On The Dangers of Stochastic Parrots: Can Language Models Be Too Big?
In March this year, the ACM FAccT conference published the paper titled above, authored by Emily Bender, Timnit Gebru, Angelina McMillan-Major and “Shmargaret Shmitchell”. This paper attracted intense controversy, and led to the exit of Gebru and Margaret Mitchell (“Shmargaret Shmitchell” in the paper) from the Google AI Ethics team.

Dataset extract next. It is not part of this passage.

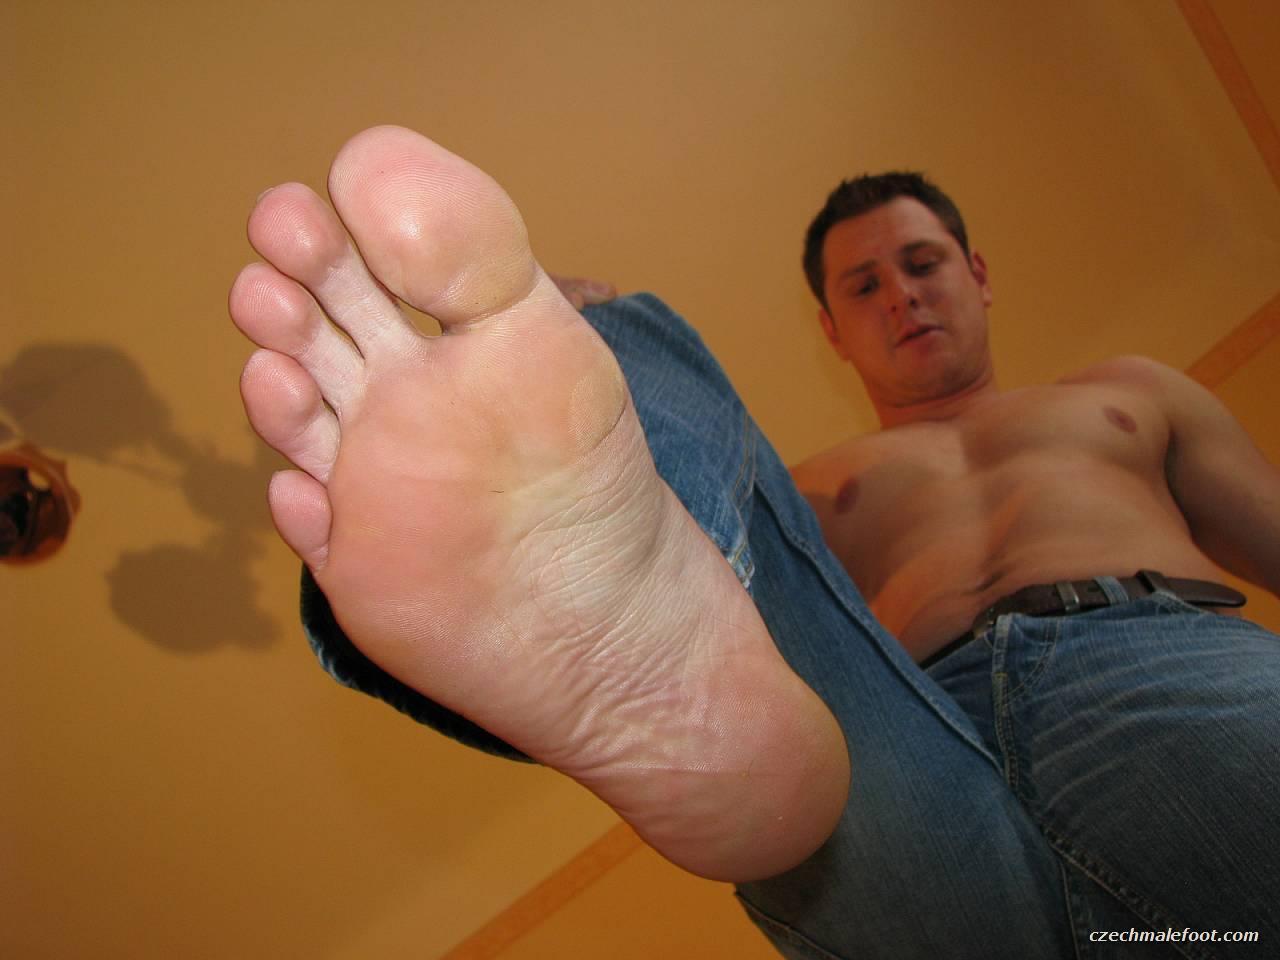 pics of feet
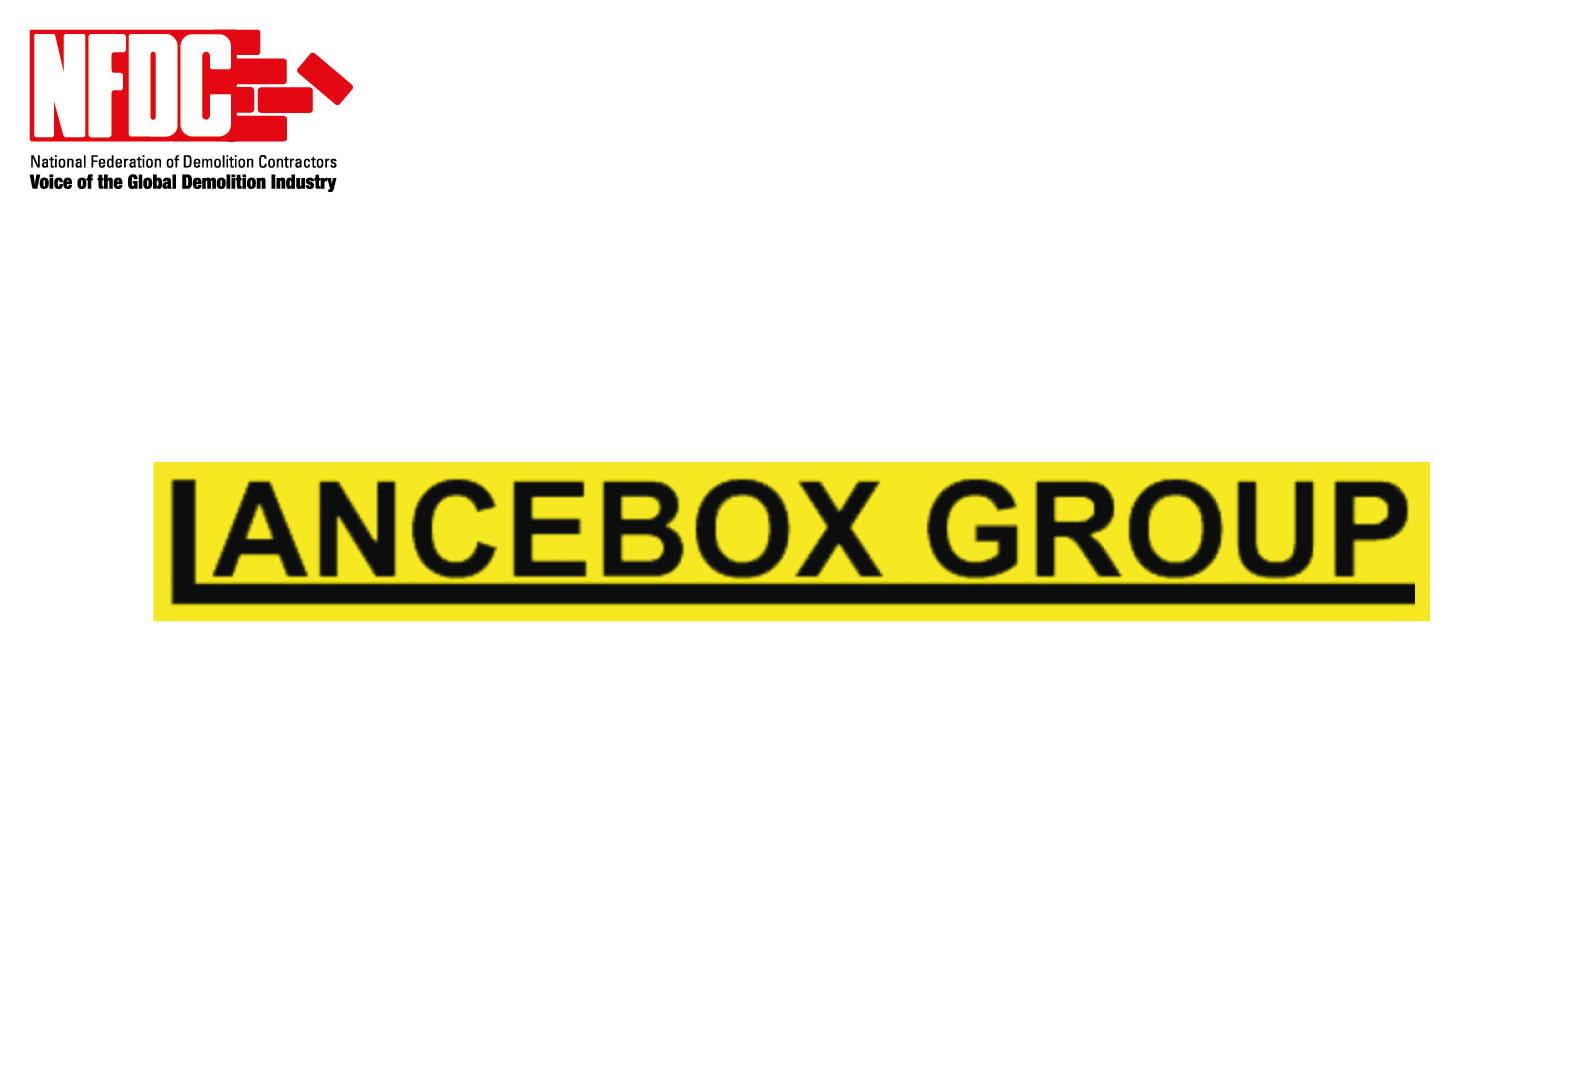 Lancebox

I discuss here the ideas espoused in this paper, which are critical today at a time when R&D in AI continues at a skyrocketing pace.
Stochastic parrots refers to language models (LMs) trained on enormous amounts of data. Language models are, basically, statistical models of language, and help us predict the likelihood of the next token given some context, whether previous or surrounding. This paper analyzes the usage of such models, and enumerates on the various limitations of using unimaginably large datasets to train them, and deploy them in real-life applications. It also discusses the present direction of research (which is highly focused on various numeric metrics as proof of competency) and alternative approaches for adopting a more ethical, carefully-considered mindset towards various tasks employing LMs.
Many researchers and companies are now building larger and larger models with billions of parameters, like GPT-3, MegatronLM and Switch-C, which has a whopping 1.6 trillion parameters. These models work on massive amounts of (mostly English language) data obtained by crawling the internet for years. Models like transformers have demonstrated that they perform better with dataset size increase, so the trend is to collect more and more data and keep growing these models. This is expected to continue in the near future.
The authors, however, present various problems with this approach. Some of these are:
- Environmental and financial costs: As larger models continue to be developed, the environmental and financial costs behind these are also rising. According to the authors, training a single BERT base model on GPUs was estimated to require as much energy as a trans-American flight. Besides, the burden of the environmental consequences is disproportionately borne by marginalized communities. The discussion of such factors is slowly coming to the fore, with efficiency being suggested as an evaluation metric, online tools to analyze energy usage and pressure on companies to devise sustainable training techniques.
- Enormous size of training data: The large amounts of data available for training today has a lot of unforeseen consequences, especially towards people who will not be on the receiving end of the benefits. Some of these are listed below.
- Just because a dataset is large and covers much of the internet, doesn’t mean it is representative of our collective humanity. For one, most datasets are in English (and a significant fraction of the world doesn’t speak in English). Secondly, in several regions, only the privileged have access to the internet and can voice their opinions. So datasets like the Common Crawl mostly contain data sourced from a privileged, English-speaking population. This leads to the perpetuation of hegemonic mindsets.
- Large datasets are mostly static: they were collected at one point in time and stored away. However, social norms across the world are in a constant state of flux, and such static data thus cannot be considered as an accurate representative of our times. But it isn’t feasible even for large corporations to fully re-train such models frequently on new data, owing to the size.
- LMs trained on such datasets exhibit a wide variety of biases, because they simply ingest whatever is given to them and output it. This is extremely problematic, especially considering the fact that such models are deployed on a large scale and reach people across the world. Training on noxious data will serve to enforce biases (whether racial, sexist, ageist etc.) and perpetuate injustice towards commonly-targeted and marginalized groups. There have been instances when language models/bots have been released on social media, and soon started emitting racist and problematic language. Such technology is especially concerning if handled by bad actors for things like extremism. - The people from whom the data is sourced, are nowhere in the pipeline of language model construction. So anyone who sees the output may interpret it as what the person herself is saying. This is a problem especially in machine translation. If a sentence in one language is wrongly translated to something else, and the translation is read by someone, they would interpret it wrongly and consider it as the original speaker’s opinion. This has, and will continue to cause unintended problems in various situations.
- Language models don’t really understand language. They simply analyze what limited data is given as input, and use it to output text. So while the sentences may make sense grammatically and semantically, there is no actual human meaning to them, because LM comprehension is not rooted in humans, it is rooted in whatever data it is fed. It cannot, and must not, be treated like an authority or truthful entity in any circumstances.
Finally, after elaborating on these issues and the subsequent risks associated with massive LMs, the authors have suggested several paths forward. These include an emphasis on data documentation, ethical and fair data curation and a reassessment of whether large language models are really needed for each and every task. Furthermore, they advocate a re-alignment of research goals: instead of focusing on the highest accuracy etc. for each model, researchers must focus on how the model works in real life systems, how it is able to achieve the task and how efficient it is.